2) Arguably, we have nothing that resembles AI yet; our deep learning systems are currently able to recognize objects in images which is a basic, non-cognitive (in the sense of “thinking”) ability of the brain. It is true that we have systems which throw sentence creation from images in the mix, but arguably these systems do not have a real understanding what language is
3) We do not have robots with the same degrees of freedom that animals have: Try to get a robot to throw a ball in the same way as humans do — robots currently are not able to do this
4) Current views seem to suggest that genes that have a probability to cause a certain mental illness are good as long as you do not have the disease. Or in other words: Genes that make you schizophrenic, depressed, psychopathic, or psychotic increases your fitness (creativity, intelligence, sociability) as long as you do not have schizophrenia, depression, psychopathy or delusions in the first place. Of course this is much more complex, for example in shamanistic societies schizophrenia may increase your fitness dramatically because you easily become the religious authority due to your ability to receive “prophecies”; this may be another reason why we will have genes that cause schizophrenia — remember that most humans may have lived in such societies at one point.
Thus I do not think it is correct to say that nature does something wrong by producing mental illness. If you model gene inheritance distributions with a markov chain that will settle to probability distributions which produce optimal fitness according to rules governed by evolutionary game theory, you will probably see that genes that cause mental illness are necessary to maximize the fitness of an overall gene pool (there are certainly papers on this which you can look up) — thus mental illness is inevitable under optimal conditions.
Does this make more sense now?
DamianReloaded says
Hi, Great article. Just popped in this discussion to note that CNNs are far from being equivalent in design to the visual cortex, so precision comparisons between the two are kinda off base (like comparing a bicycle and a bus, both will get you there but the bicycle needs to go back and forth for each passenger and it may break). It’s difficult to make a prognosis based on unknown discoveries, but I’d be willing to bet that in the next 10 years our basic (superficial) understanding of how biological neural nets process information will improve and will help developing new artificial ones that will close the gap between biological and artificial intelligence.
Tim Dettmers says
I did not try to say that they are not equivalent, but that neurons are closer to CNNs than they are to perceptrons. Only thinking that CNNs consists of neurons is not biologically sensible. It is better to say that a few layers of CNNs constitute one neuron. If you take this view then you realize how far we are from realizing the performance of humans in machines.
Tim Dettmers says
For more criticism on this post, please read the article above.
In response to the article: I would not say that my claims are too much of an exaggeration, but rather present a different angle on the problem. If I look at the biological evidence and how it can be modelled mathematically my model emerges as a consequence of it.

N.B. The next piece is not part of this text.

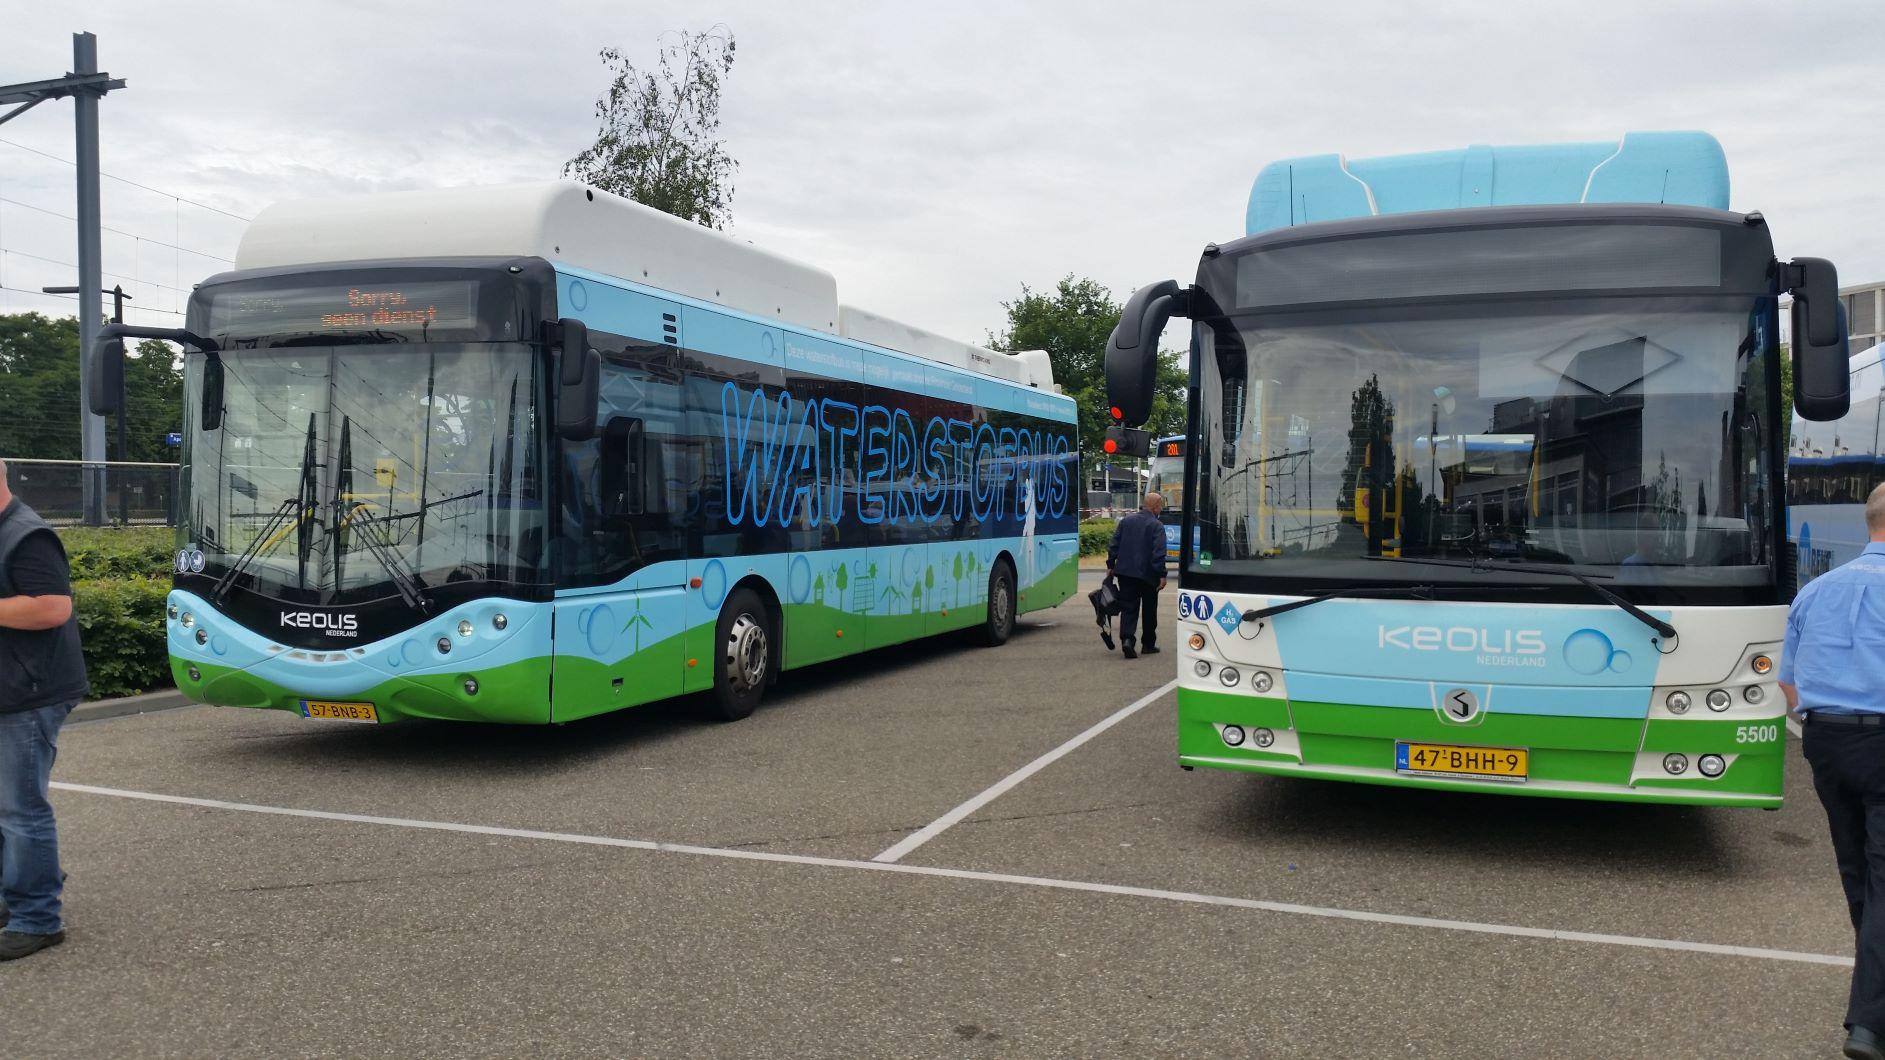 Waterstofbussen in Gelderse dienstregeling Keolis presteren uitstekend

I do not think, as you stated, that these are fixed rules we have to adhere to. I think there is a lot of wiggle-room for algorithms and architectures. My main point is really, that deep learning is on the right way and if we continue what we are doing in deep learning, we will eventually get to general artificial intelligence — it will just take a bit more time to get there than we thought.
Another main point I make is that we do not have to replicate biology, because we already do. This is almost the opposite of what you claim I say in this article.